We see that the file returned is an XML file.  XML is another commonly used standard format for creating documents that store information in a text file.

Here is a link to a nice tutorial:

    https://www.tutorialspoint.com/xml/index.htm
    
    
A key takeway from the tutorial is that XML has a tree structure with nodes that have 
-  tags
-  attributes, and 
-  text.

There is a nice package for navigating through the tree as shown in this example. Before demonstrating that capability, we can open up the text file in a text editor and an XML previewer and look at its structure.

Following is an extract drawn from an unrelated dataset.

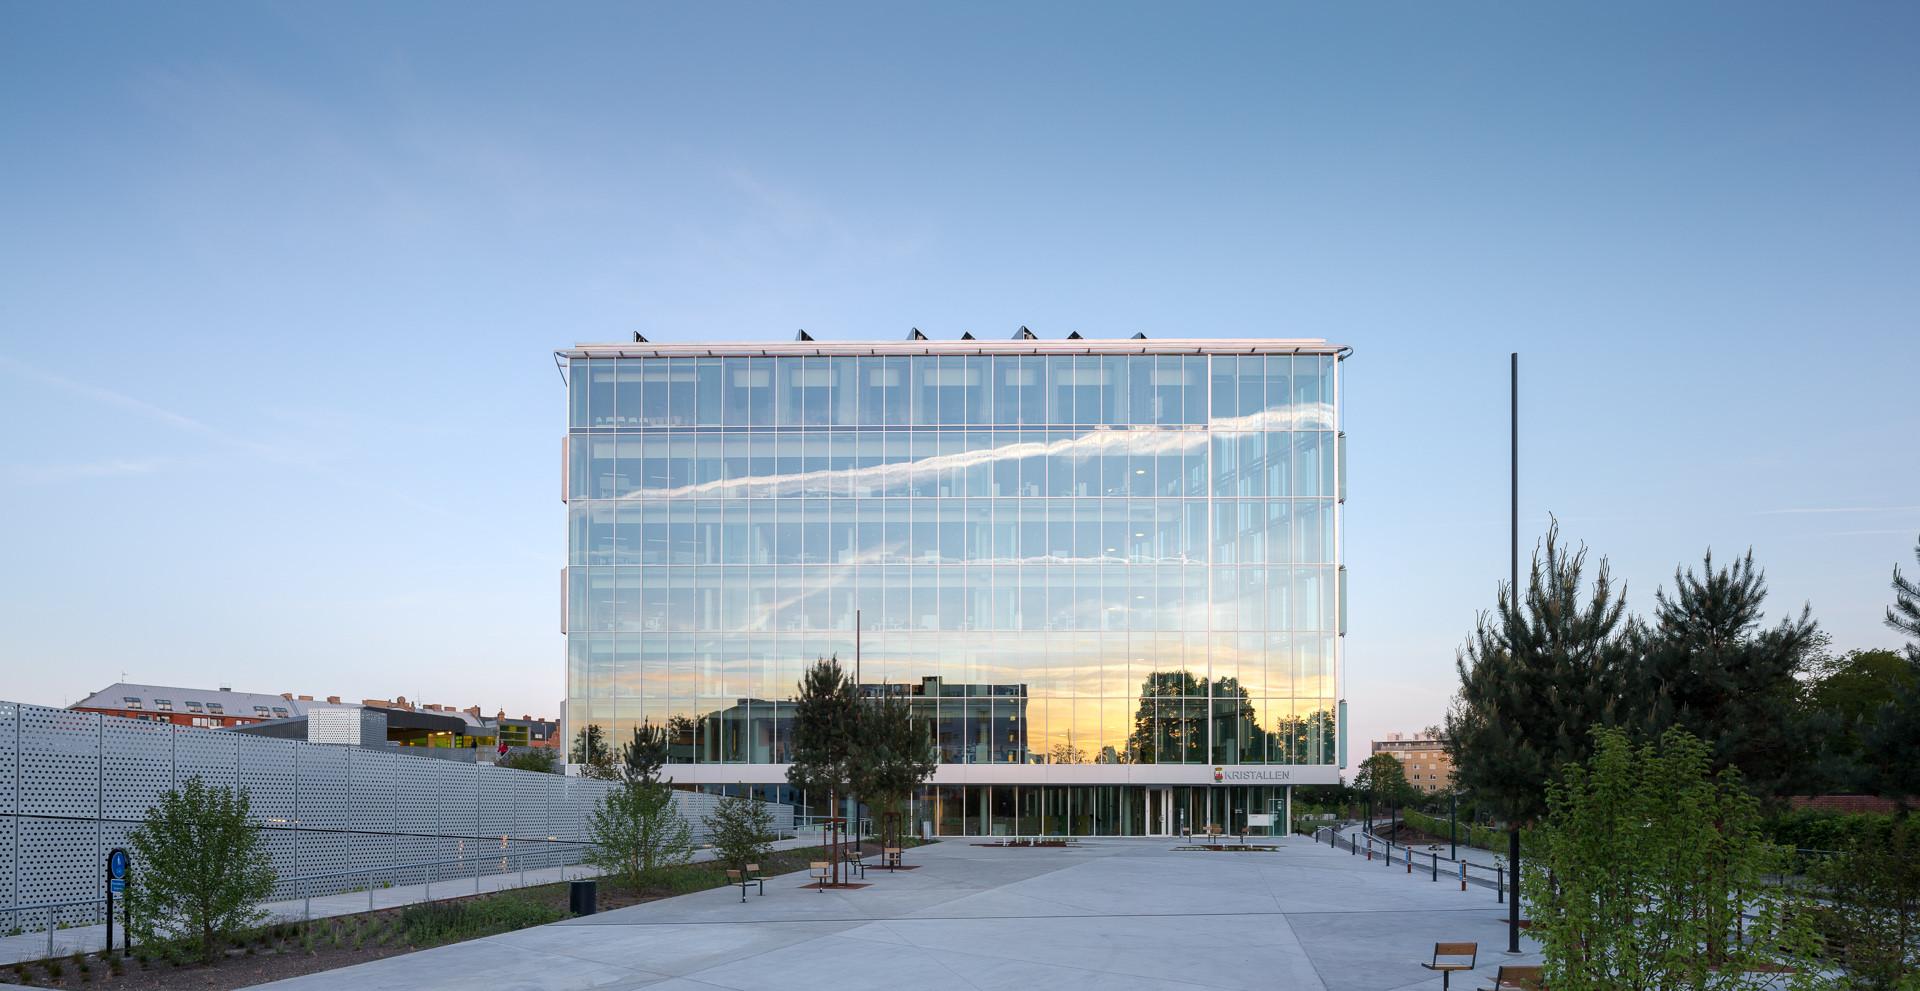 The Greenest City Hall in Sweden / Christensen & Co Architects, © Adam Mørk

When looking at the file in a text editor the newline characters help. Let's write the file out and have a look at it.


In [30]:
fout=open("GOOGLE.xml","w")
fout.write(req.text)
fout.close()

Now we try a Python package for inspecting the file. The following command gives us the root node of the tree.  From the code below we see that a tag is a strings, the attributes are returned as dictionaries and text is a string.

In [43]:
import xml.etree.ElementTree as ET
root = ET.fromstring(req.text)
print(type(root.tag))
print(type(root.attrib))
print(type(root.text))
print("root tag = " + root.tag)
print("root attrib = " + str(root.attrib))
print("root text" + root.text)

<class 'str'>
<class 'dict'>
<class 'str'>
root tag = rss
root attrib = {'version': '2.0'}
root text
  


Next we look at the children of the root node. How many children does this node have?

In [48]:
print(len(root))

1


We can extract a child of a node using its index.

In [56]:
child=root[0]

How many children does this child have?

In [57]:
len(child)

33

We can iterate over the children. (Nodes are iterable.)

In [85]:
for ch in child:
    print(ch.tag)
    print(len(ch))

title
0
link
0
description
0
item
9
item
11
item
8
item
9
item
8
item
9
item
9
item
9
item
9
item
13
item
28
item
9
item
10
item
12
item
9
item
10
item
10
item
13
item
10
item
9
item
11
item
10
item
11
item
9
item
9
item
9
item
9
item
9
item
13
item
10


We see that the first 3 nodes have no children. We can view the text associated with these nodes.

In [88]:
for i in range(3):
    print("text = " + child[i].text)


text = Alphabet, Inc. Cl A - News and Analysis on Seeking Alpha
text = https://seekingalpha.com
text = © seekingalpha.com. Use of this feed is limited to personal, non-commercial use and is governed by Seeking Alpha's Terms of Use (https://seekingalpha.com/page/terms-of-use). Publishing this feed for public or commercial use and/or misrepresentation by a third party is prohibited.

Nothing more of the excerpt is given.